INFORMATION SUPPLIED.
★ ★ ★ ★
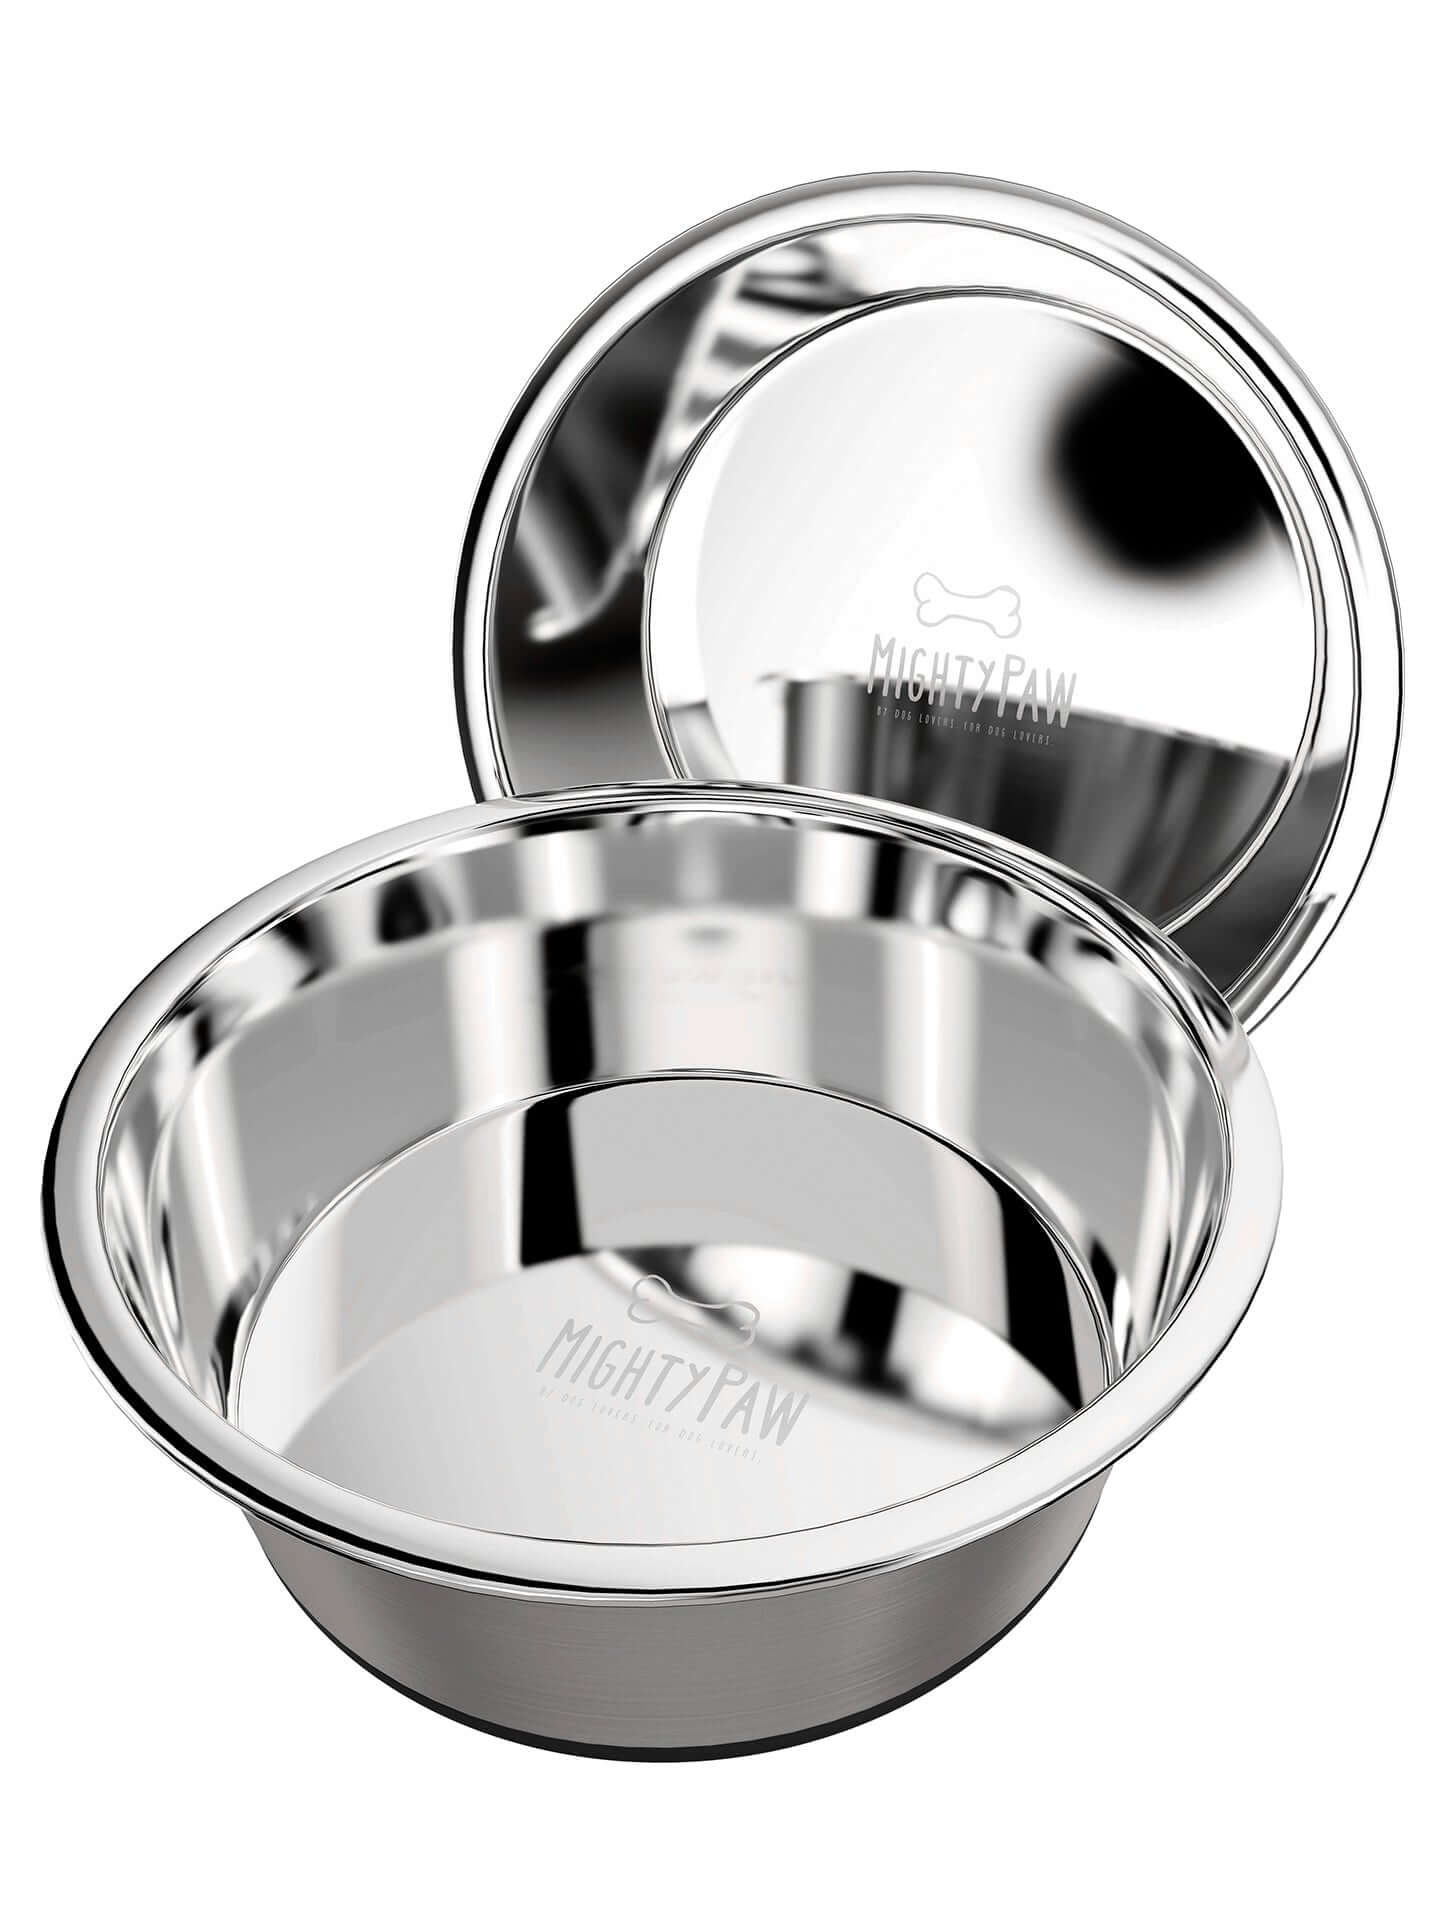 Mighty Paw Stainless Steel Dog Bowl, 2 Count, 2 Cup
★ ★ ★ ★
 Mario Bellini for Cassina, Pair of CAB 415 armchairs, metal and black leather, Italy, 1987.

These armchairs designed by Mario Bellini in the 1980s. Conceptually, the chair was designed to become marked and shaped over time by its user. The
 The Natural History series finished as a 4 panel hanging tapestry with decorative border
★ ★ ★ ★
EXERCISE.
Find the line with "Mario Bellini for" in the entries above. Retype it and each line after it, exactly, through the line with "The Natural History", and stop there.

OUTPUT BELOW.
 Mario Bellini for Cassina, Pair of CAB 415 armchairs, metal and black leather, Italy, 1987.

These armchairs designed by Mario Bellini in the 1980s. Conceptually, the chair was designed to become marked and shaped over time by its user. The
 The Natural History series finished as a 4 panel hanging tapestry with decorative border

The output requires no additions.